Я села рядом и хлопнула Егора по лбу, на котором сидели два комара.
— Братцы! — завопил Егор, валясь на песок как бы от моего удара. — Сколько нежности в этом прикосновении! Валентина, я люблю тебя! Дай я тебя поцелую!
Он подтащил меня к себе и поцеловал.
Мне стало вдруг совсем не смешно. Может, если бы он мне не нравился, я бы не смутилась. А он мне очень нравился. Всю жизнь. Даже когда я была совсем маленькой и они с Алешей приходили забирать меня из детского сада. Да, еще с тех пор. Сейчас я стала почти взрослой, но для него-то я все равно маленькая. Вот он со мной и не церемонится.
— Она на меня обиделась! — сокрушенно сказал Егор.
— А ты не расходись! — сказал Алеша.
— Валька! — сказал Егор. — Я же просто пошутил.
Конечно, он пошутил. Я почувствовала, что сейчас разревусь.
Вскочила и побежала в темноту.
Луна была совершенно круглая, и под этой луной освещалось все далеко вокруг. Это был ночной серебристый, таинственный свет, луна дрожала, а звезды казались тонкими золотистыми полосками, потому что я смотрела на них сквозь слезы.
Что же мне теперь делать? Пойти в деревню? Я представила себе нашу избу, храп Ядвиги Васильевны... Нет, ни за что. Лучше буду бродить одна всю ночь.
Вдруг я увидела: от костра мне навстречу быстро шел Егор.

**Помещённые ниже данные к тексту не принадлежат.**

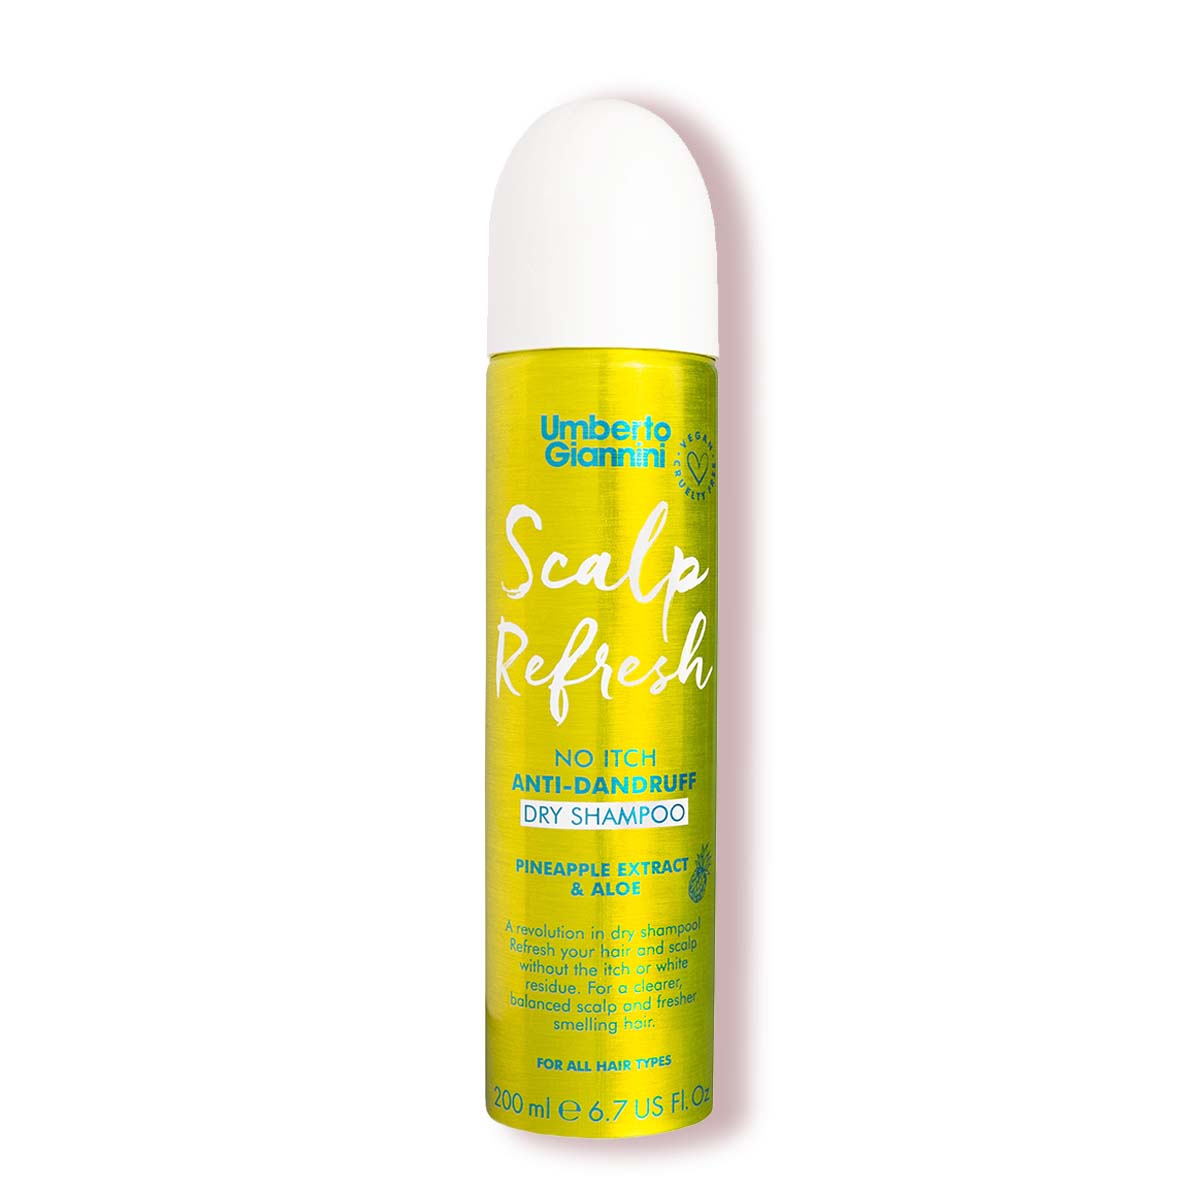 Scalp Refresh Anti-Dandruff Dry Shampoo

Он остановился передо мной, повернул меня к свету и несколько секунд внимательно изучал мое лицо. Потом вытер мне щеки теплой большой ладонью и виновато сказал:
— Я как-то, знаешь, привык думать, что ты еще маленькая. Помнишь, как мы с Лешкой тебя уронили в лужу?
Я засмеялась. Еще бы мне не помнить. И как они с Алешей дома торопливо переодевали меня, заметая следы преступления, чтобы мама ни о чем не догадалась. А мама все равно догадалась, потому что они надели мне колготки наизнанку.
Мы подошли к костру. Я села с Катей на спальный мешок, а Егор подбросил в костер хвороста и сел по другую сторону от Кати. Никто нас ни о чем не спросил. И шуточек никаких не отпускали.
Судки стояли на перилах крылечка, а из комнаты, сквозь открытое окно, доносился раздраженный голос Ядвиги Васильевны:
— Единственное дело ей поручено! И она каждый раз опаздывает, словно назло! А какое у нее при этом лицо! Можно подумать, что она делает всем нам величайшее одолжение! Уйти на всю ночь! В ее возрасте! И этот вернулся чуть ли не под утро! Заботливый муж, называется...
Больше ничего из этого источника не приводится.